On Wed, Dec 17, 2008 at 07:32:04 -0500, Theodore Tso wrote:

[...]

> I just checked mutt 1.5.17 in Ubunty Hardy, and it sorts the inodes
> even if maildir_header_cache_verify is unset. (It sorts it earlier if
> that option is set, but a little later in the function, if it wasn't
> sorted earlier, it sorts it then.) Check for calls to maildir_sort()
> that use md_cmp_inode(); in my version of mutt, there are two such
> calls in mh.c:maildir_delayed_parsing().

I checked maildir_sort(), and it wasn't called with
maildir_header_cache_verify unset.
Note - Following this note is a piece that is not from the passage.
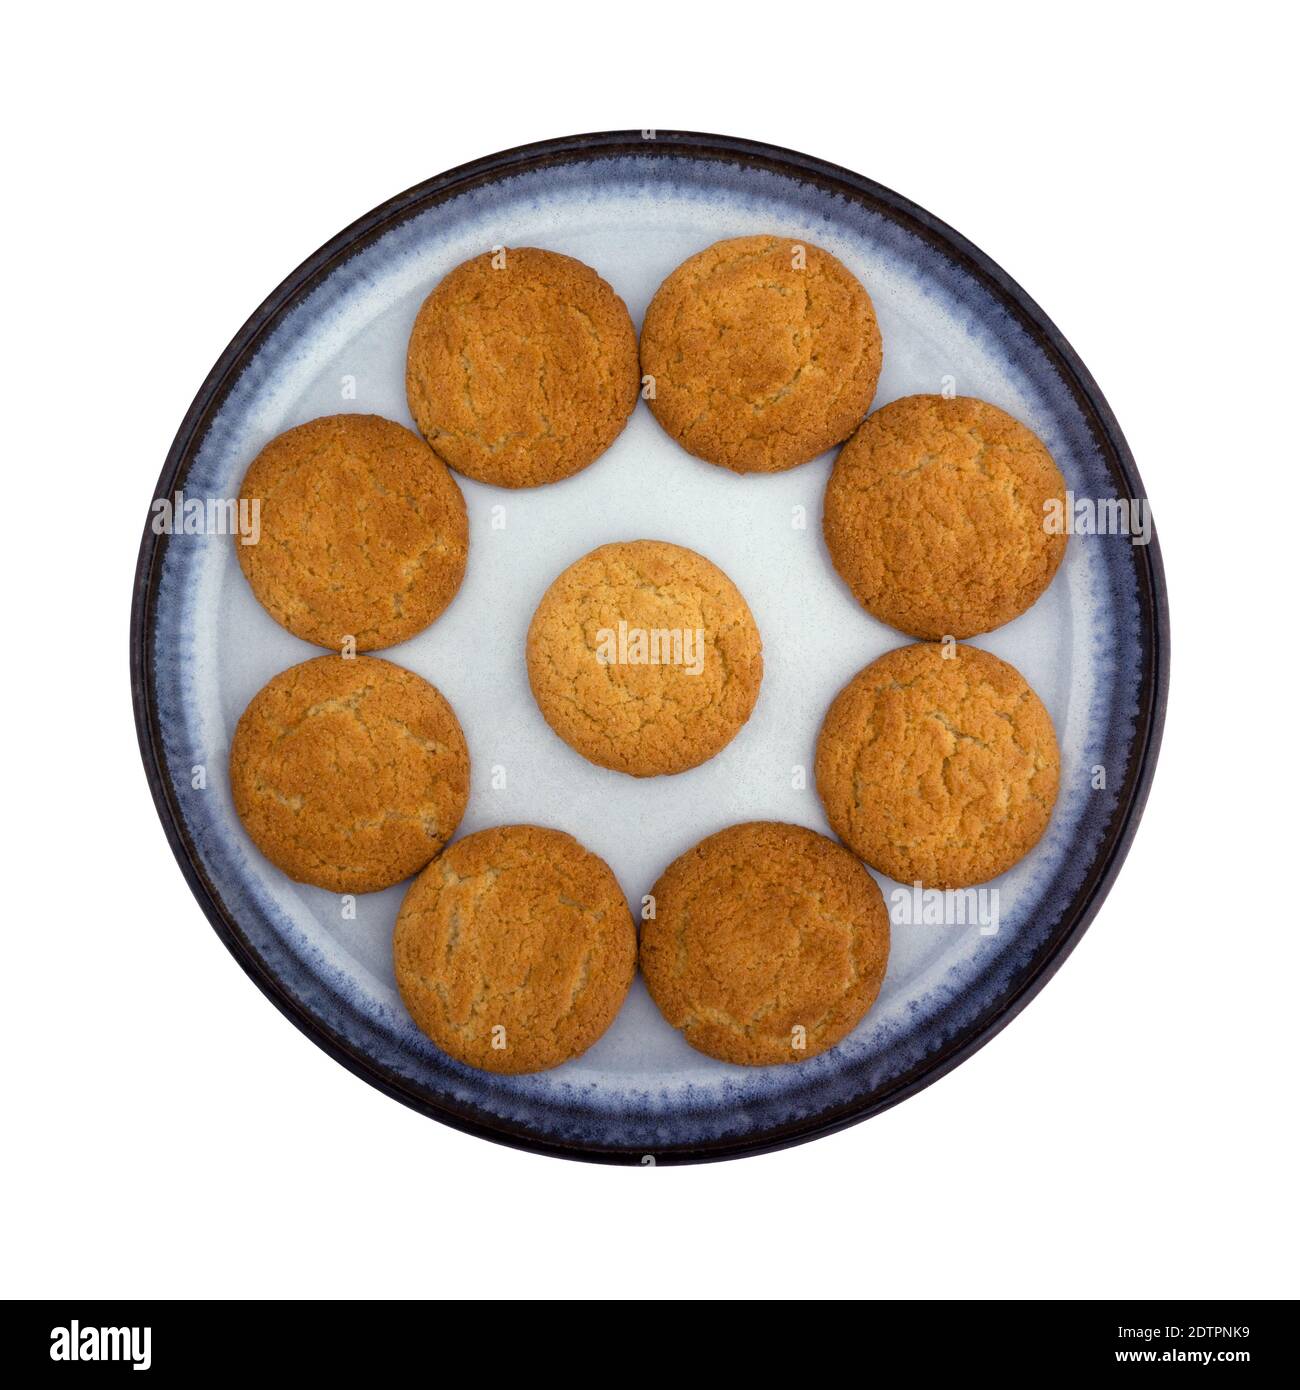 Top view of a group of coconut flavor cookies arranged on a blue stoneware plate isolated on a white background. Stock Photo

In the source, it looks like this:

#if USE_HCACHE
if (option(OPTHCACHEVERIFY))
{
DO_SORT();
ret = stat(fn, &lastchanged);
}

...

if (ctx->magic == M_MH)
data = mutt_hcache_fetch (hc, p->h->path, strlen);
else
data = mutt_hcache_fetch (hc, p->h->path + 3, &maildir_hcache_keylen);

...

#endif /* USE_HCACHE */

DO_SORT();

So DO_SORT() is called _after_ reading the header cache if
maildir_header_cache_verify is unset, which is too late, because the
hard disk seeks to death if the cache is read with the unsorted inode
list.

Regards,
Tino